-------- The data
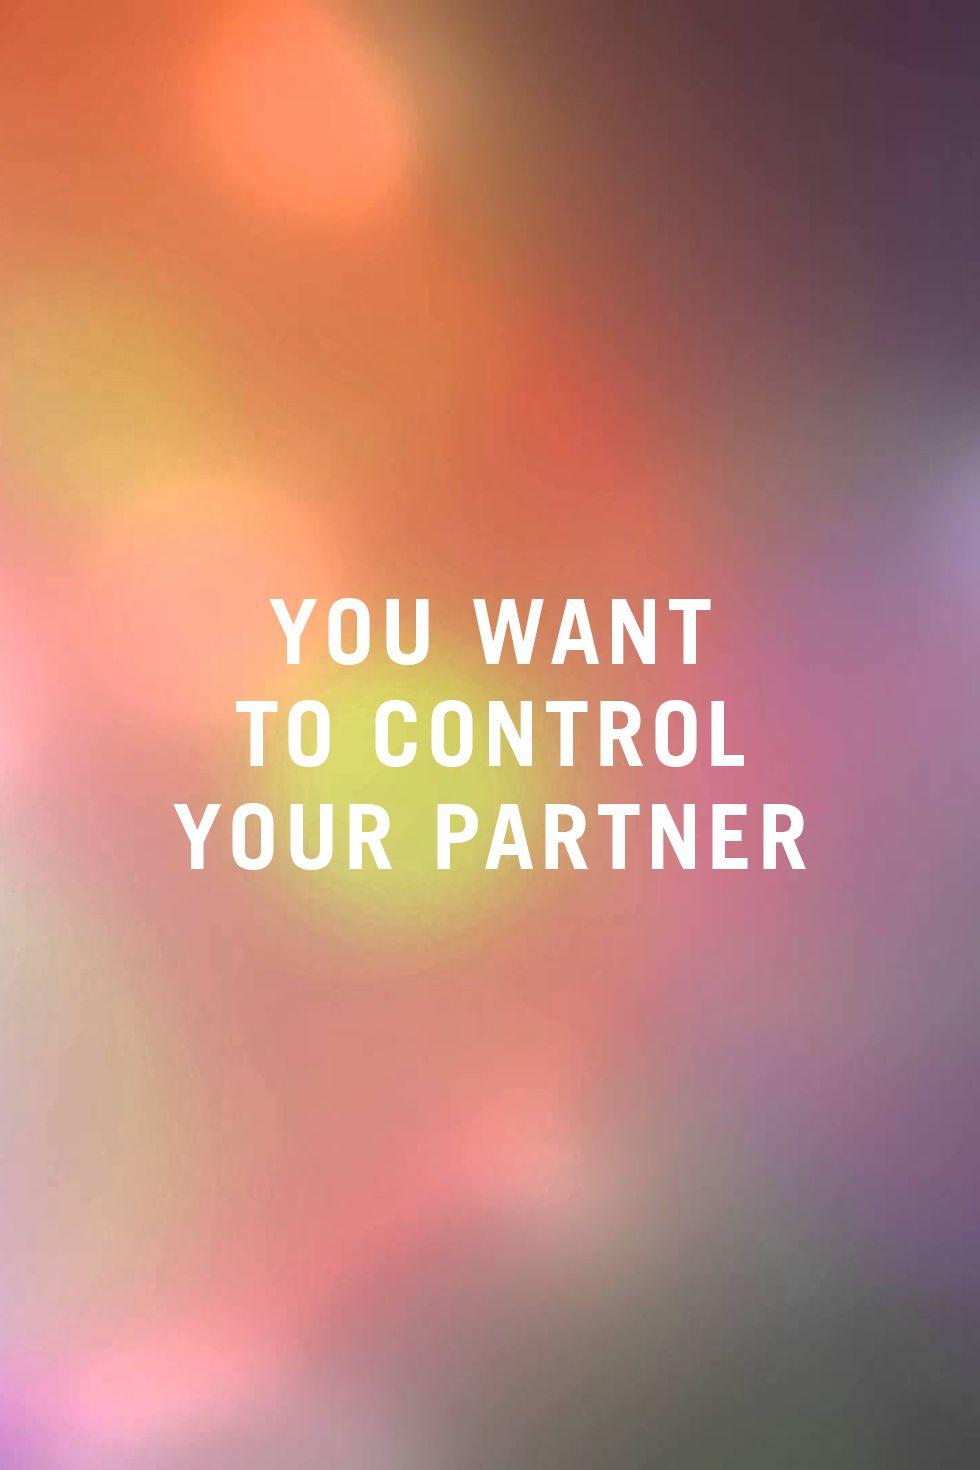 Self sabotaging relationship patterns in dating
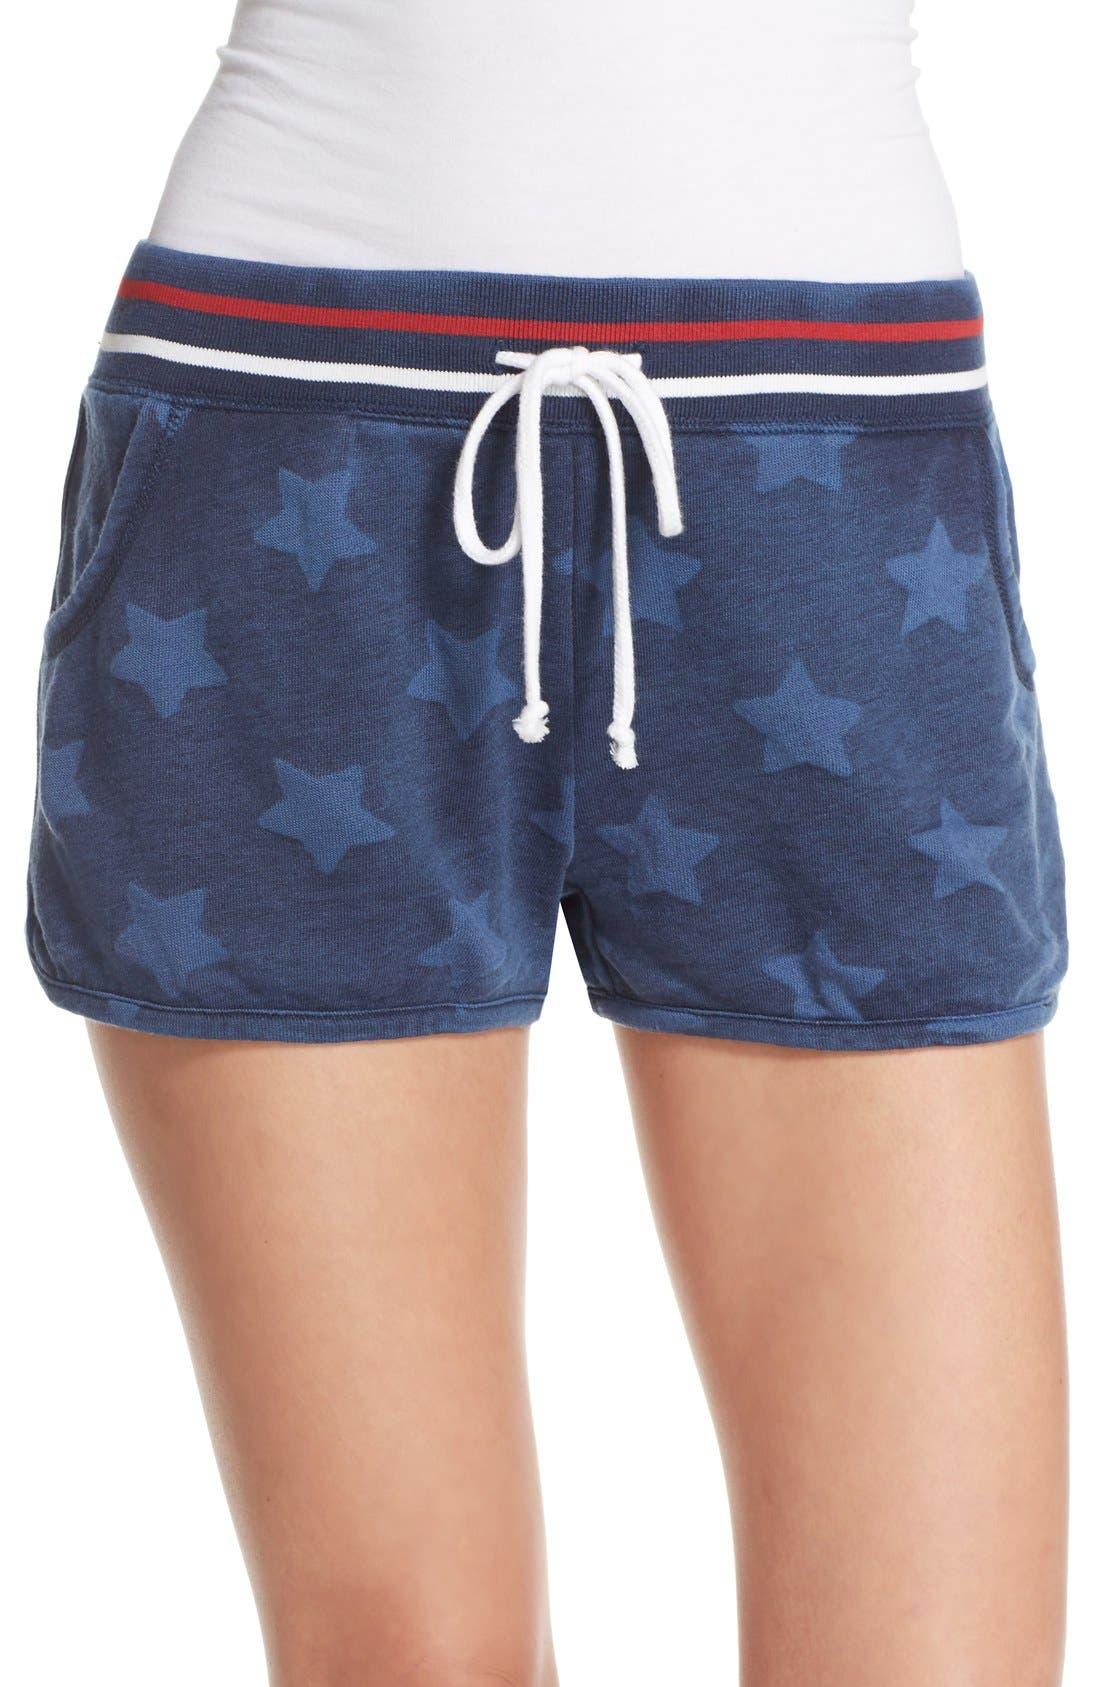 Main Image - PJ Salvage 'Road Trip' Star Print Pajama Shorts
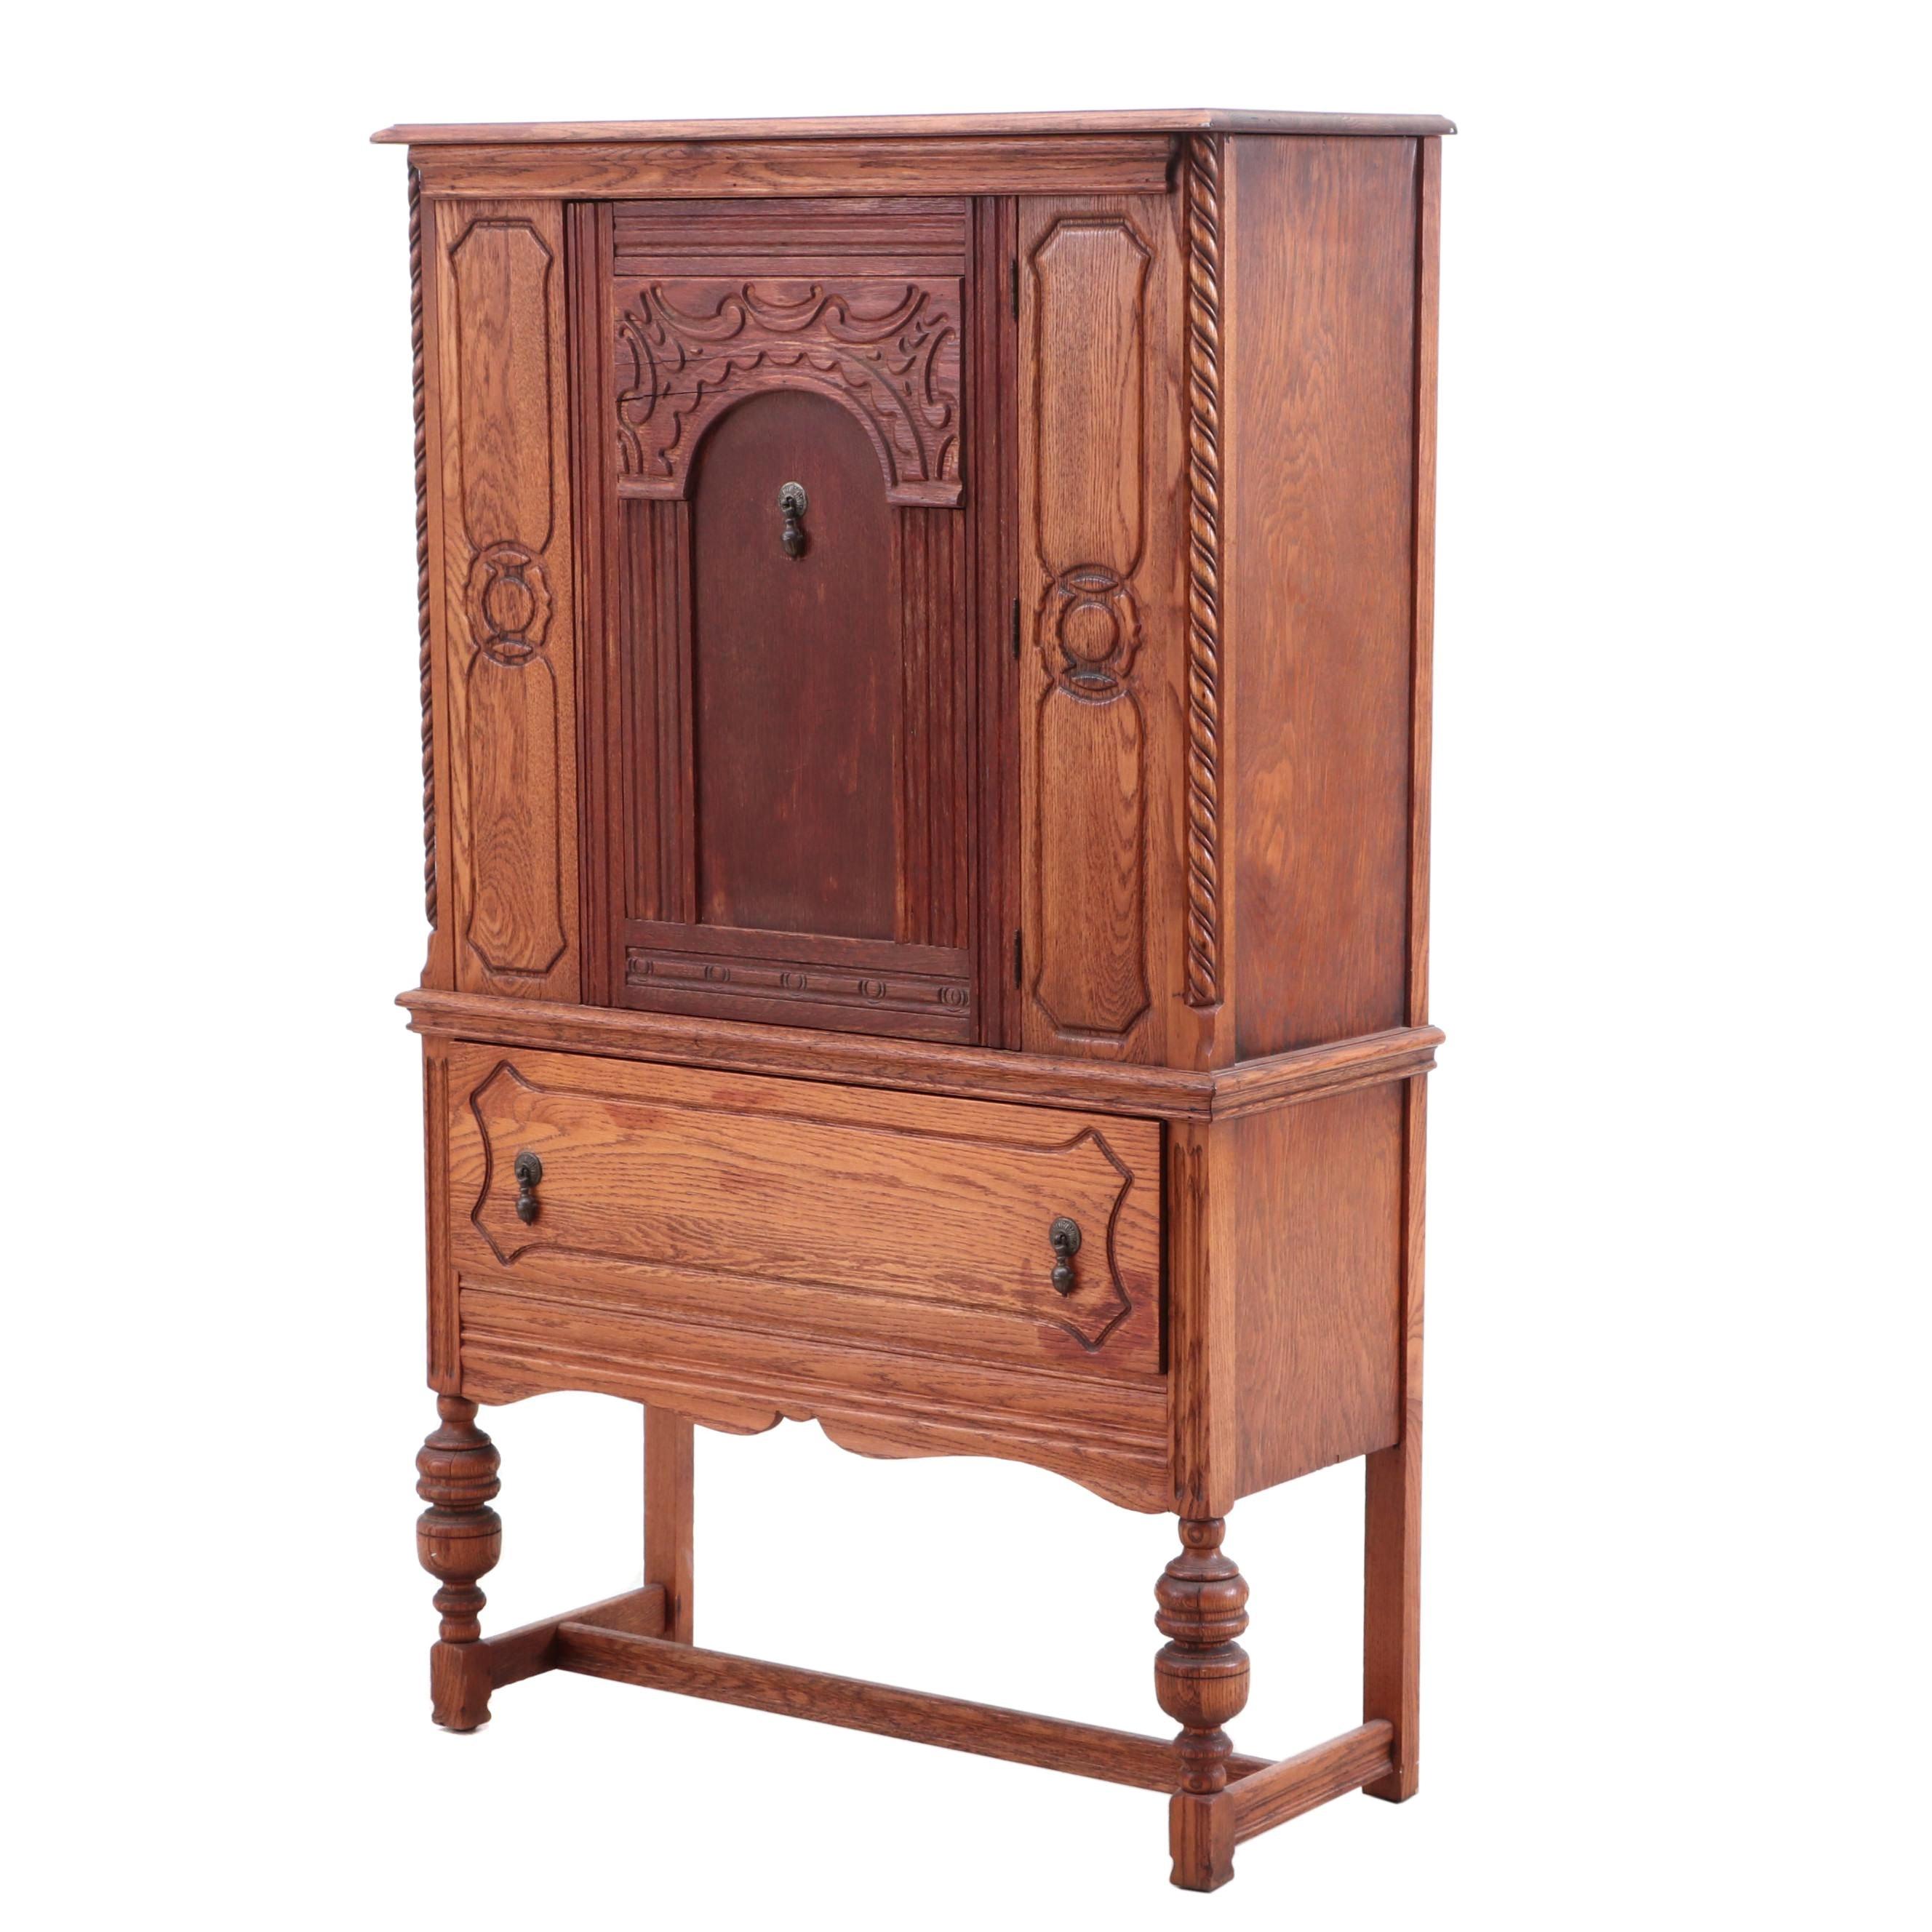 Tudor Style Oak China Cabinet, Circa 1920s
----------------
> Exercise goal
Transcribe the data exactly and leave no picture in the copy.

> Response to this exercise
 Self sabotaging relationship patterns in dating
 Main Image - PJ Salvage 'Road Trip' Star Print Pajama Shorts
 Tudor Style Oak China Cabinet, Circa 1920s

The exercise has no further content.